The main strength of the present article is the thorough analysis of longitudinal data collected on a relatively large sample over 20 years of follow-up to address a novel research question. In terms of limitations, (1) the Whitehall II study sample is not representative of the wider UK population, although standard risk factor-cardiovascular disease associations in Whitehall II are comparable to those found in nationally representative studies [39], (2) we only used one definition of MHO, which does not incorporate other measures/indicators of adiposity (e.g., waist circumference), (3) the estimated relationships might be subject to residual confounding, and (4) there were not enough cases to investigate cause-specific mortality. While these types of considerations are important when trying to infer causality from observational data, we believe they are less important for our given research aim to demonstrate why other studies (which are subject to the same limitations) find what they find.
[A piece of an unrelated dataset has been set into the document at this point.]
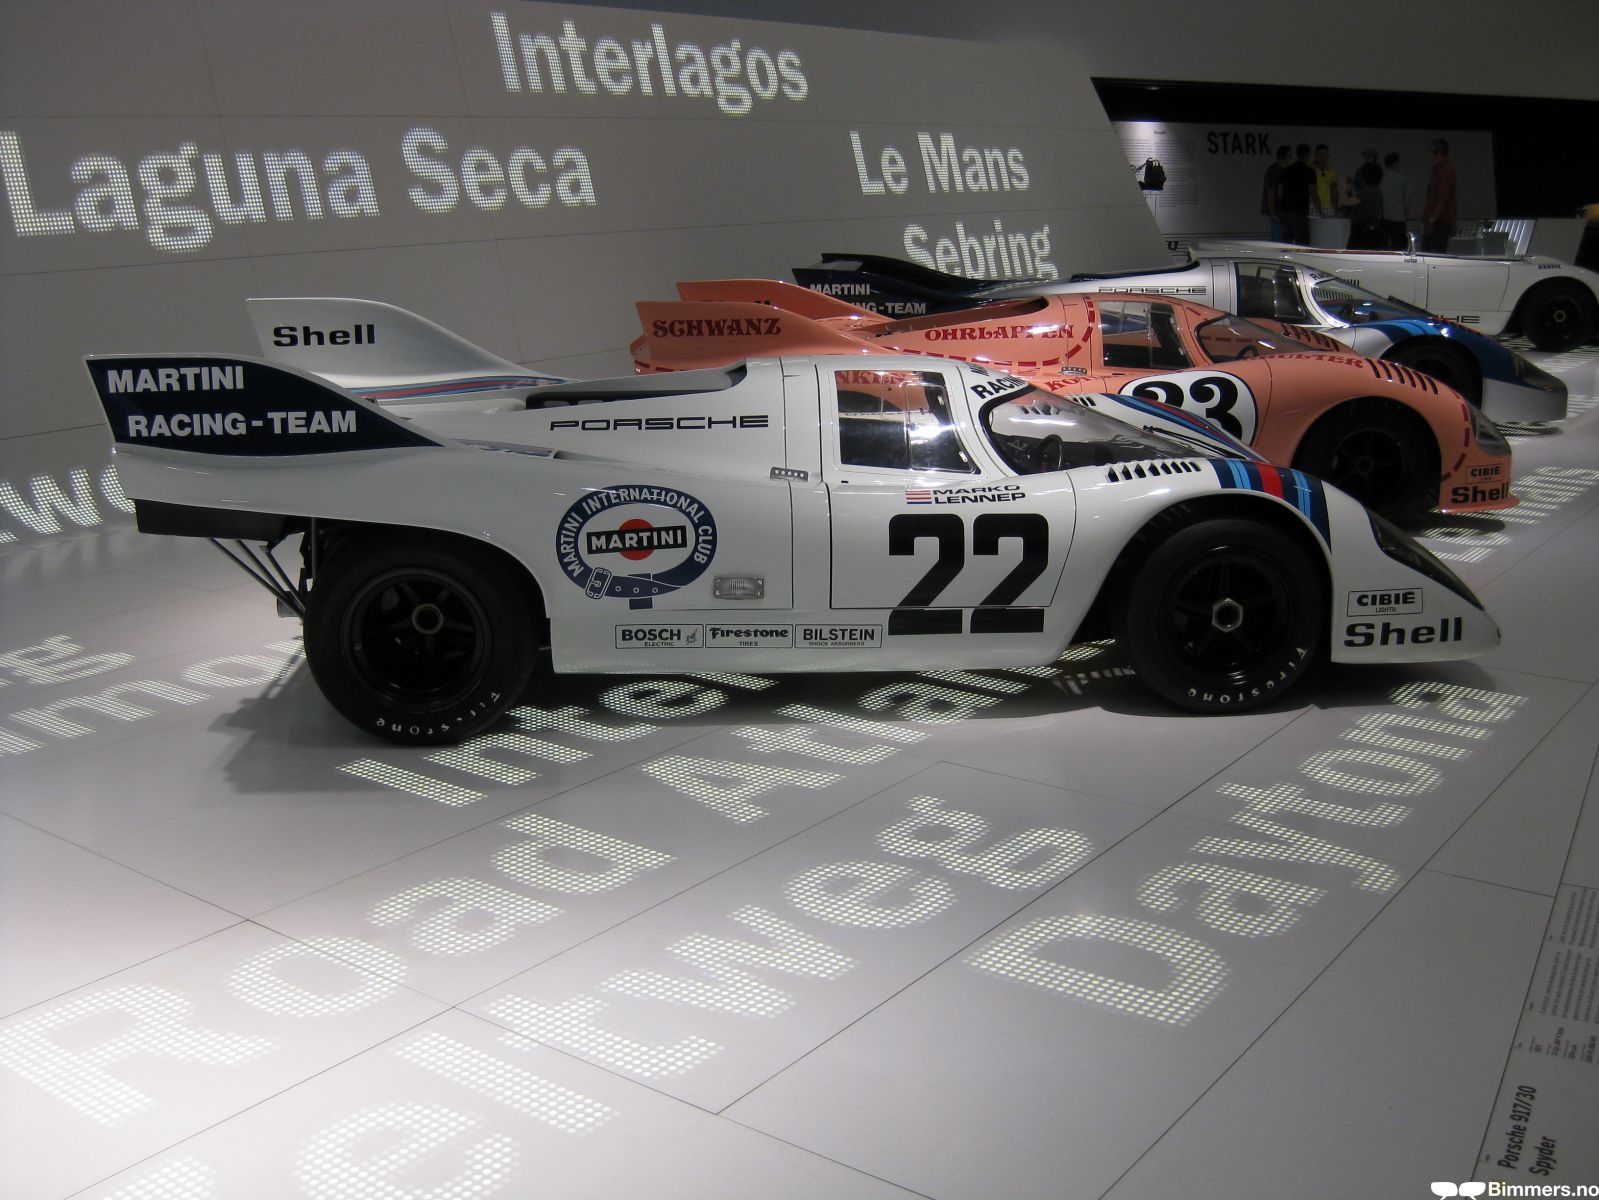 Porsche 917

The results we present are a demonstration of some of the possible consequences of converting continuous variables to binary concepts, and may be relevant to discussions on other related phenomena, such as the “fat but fit” paradigm [40].

Conclusion

This paper demonstrates how dichotomising continuous variables results in different levels of cardio-metabolic disease risk factors at baseline and over 20 years of follow-up between MHO and MHNO individuals, despite both groups having the same label of “healthy”, and to a lesser extent between MUO and MUNO individuals. The greater disease and mortality risk of MHO compared to MHNO individuals, observed in large-scale epidemiological studies, is likely largely explained by the more deleterious risk factor trajectories (in the MHO group) that result from crude stratification. Future research needs to better quantify heterogeneity in disease and mortality risk among people with the same BMI, and investigate the characteristics and life-course factors that explain why some people develop a disease or die while other people with the same BMI do not.